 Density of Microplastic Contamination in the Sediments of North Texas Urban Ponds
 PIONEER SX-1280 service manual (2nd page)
▬▬▬▬▬▬
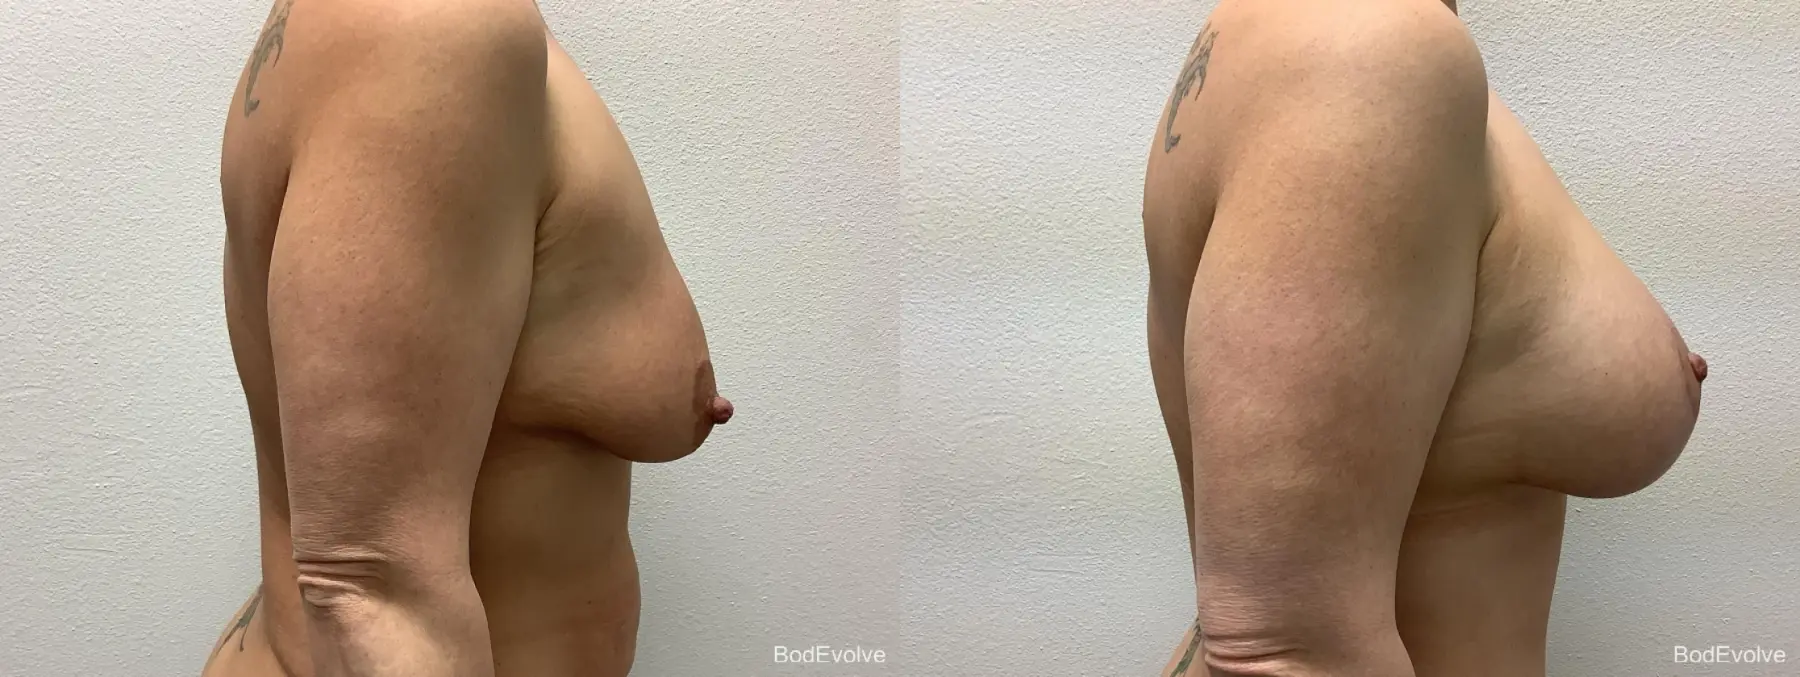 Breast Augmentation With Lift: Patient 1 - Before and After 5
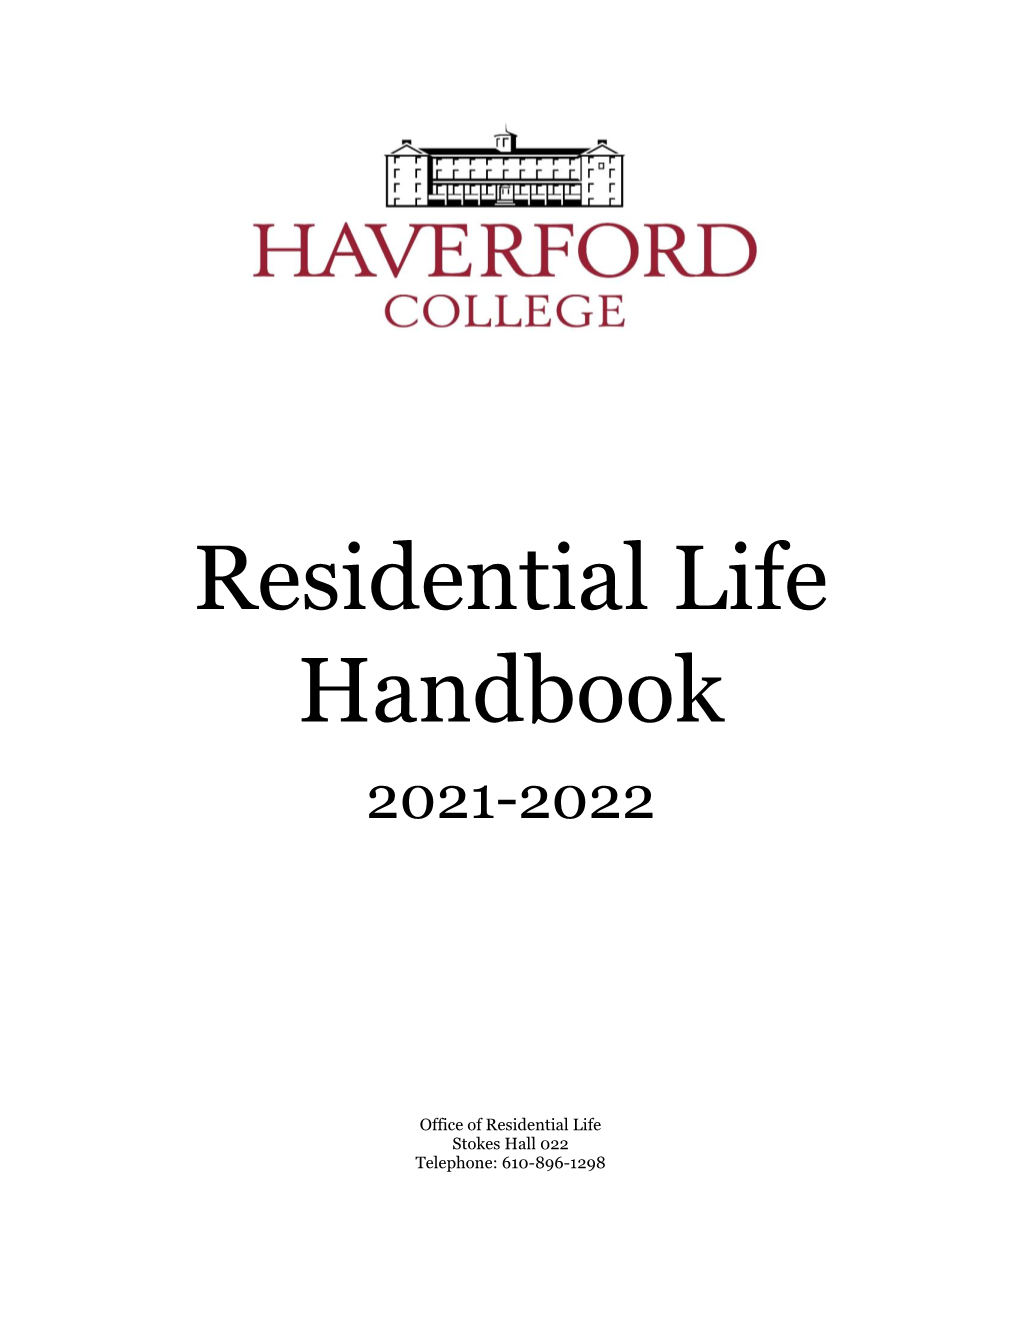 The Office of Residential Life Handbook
▬▬▬▬▬▬
EXERCISE OBJECTIVE: What you return must be the lines above that run from the line with "Density of Microplastic" to the line with "PIONEER SX-1280 service manual (2nd page)", inclusive, each copied exactly.

COMPLETED EXERCISE:
 Density of Microplastic Contamination in the Sediments of North Texas Urban Ponds
 PIONEER SX-1280 service manual (2nd page)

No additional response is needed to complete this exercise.